SILENOR (doxepin tablets) is a hypnotic (sleep) medicine that is used to treat people who have trouble staying asleep.

What are the possible side effects of SILENOR (doxepin tablets)?

SILENOR (doxepin tablets) can cause serious side effects including:

  • See “What is the most important information I should know about SILENOR (doxepin tablets) ?”

The most common side effect of SILENOR (doxepin tablets) is drowsiness or tiredness.

Tell your healthcare provider if you have any side effect that bothers you or that does not go away.

 

INDICATIONS

SILENOR is indicated for the treatment of insomnia characterized by difficulty with sleep maintenance. The clinical trials performed in support of efficacy were up to 3 months in duration.

DOSAGE AND ADMINISTRATION

The dose of SILENOR should be individualized.

Dosing In Adults

The recommended dose of SILENOR for adults is 6 mg once daily. A 3 mg once daily dose may be appropriate for some patients, if clinically indicated.

Dosing In The Elderly

The recommended starting dose of SILENOR in elderly patients (≥ 65 years old) is 3 mg once daily. The daily dose can be increased to 6 mg, if clinically indicated.

Administration

SILENOR should be taken within 30 minutes of bedtime.

To minimize the potential for next day effects, SILENOR should not be taken within 3 hours of a meal [see CLINICAL PHARMACOLOGY].

 

SIDE EFFECTS

The following serious adverse reactions are discussed in greater detail in other sections of labeling:

  • Abnormal thinking and behavioral changes
  • Suicide risk and worsening of depression

The total SILENOR dose should not exceed 6 mg per day.
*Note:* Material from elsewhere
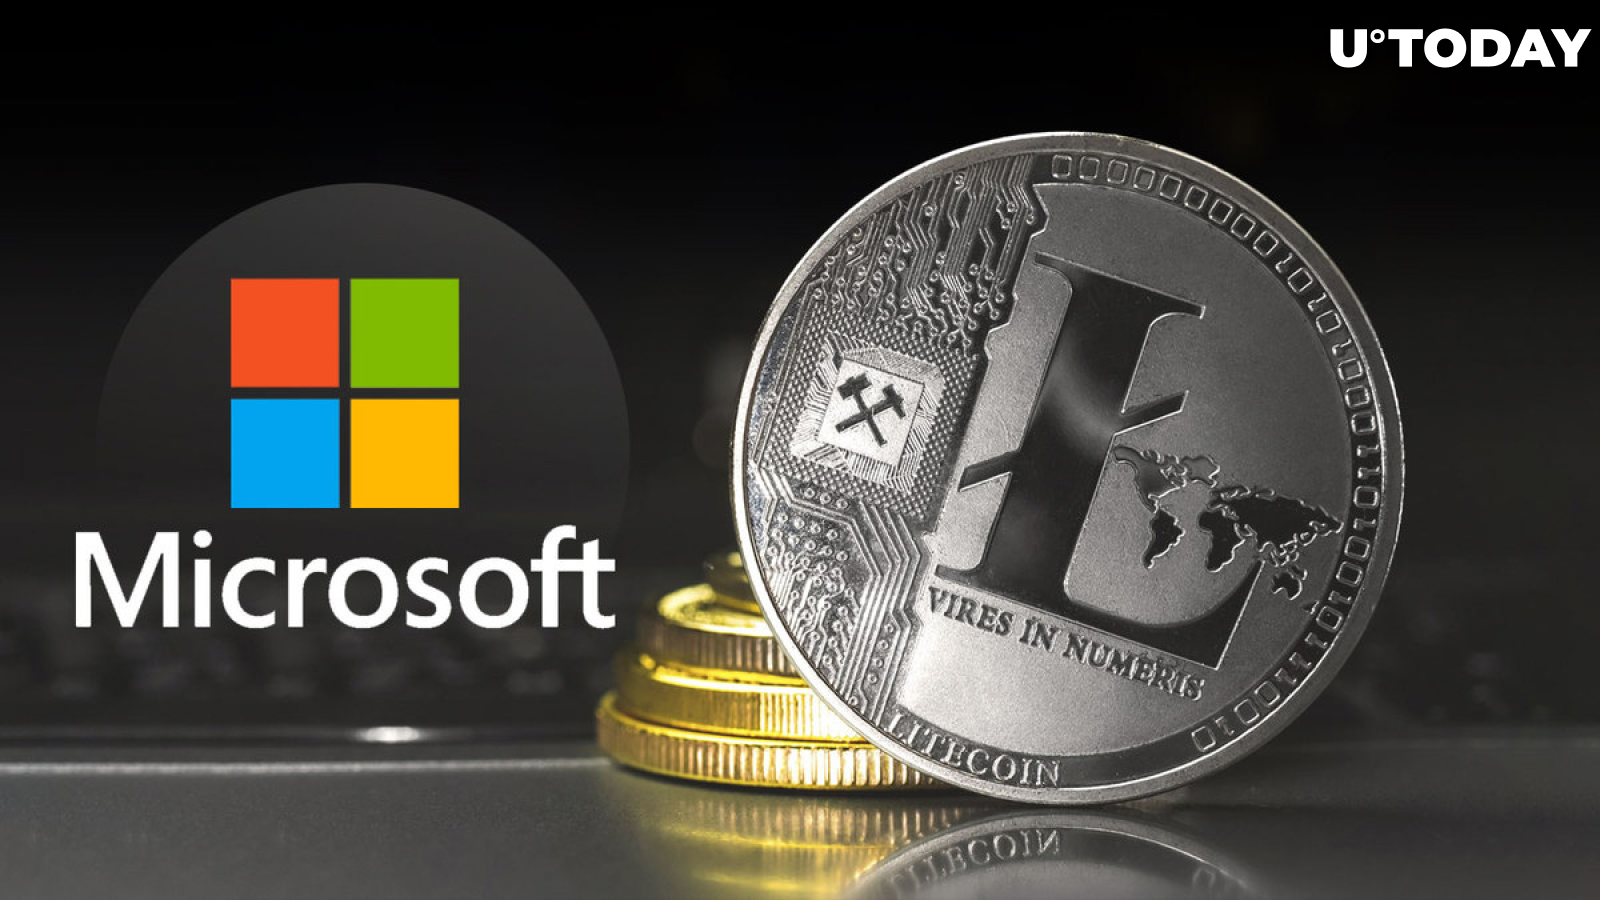 Litecoin (LTC) Now Accepted for Microsoft Payments: Details

Studies Pertinent To Safety Concerns For Sleep-promoting Drugs

Residual Pharmacological Effect In Insomnia Trials

Five randomized, placebo-controlled studies in adults and the elderly assessed next-day psychomotor function within 1 hour of awakening utilizing the digit-symbol substitution test (DSST), symbol copying test (SCT), and visual analog scale (VAS) for sleepiness, following night time administration of SILENOR.

In a one-night, double-blind study conducted in 565 healthy adult subjects experiencing transient insomnia, SILENOR 6 mg showed modest negative changes in SCT and VAS.

In a 35-day, double-blind, placebo-controlled, parallel group study of SILENOR 3 and 6 mg in 221 adults with chronic insomnia, small decreases in the DSST and SCT occurred in the 6 mg group.

In a 3-month, double-blind, placebo-controlled, parallel group study in 240 elderly subjects with chronic insomnia, SILENOR 1 mg and 3 mg was comparable to placebo on DSST, SCT, and VAS.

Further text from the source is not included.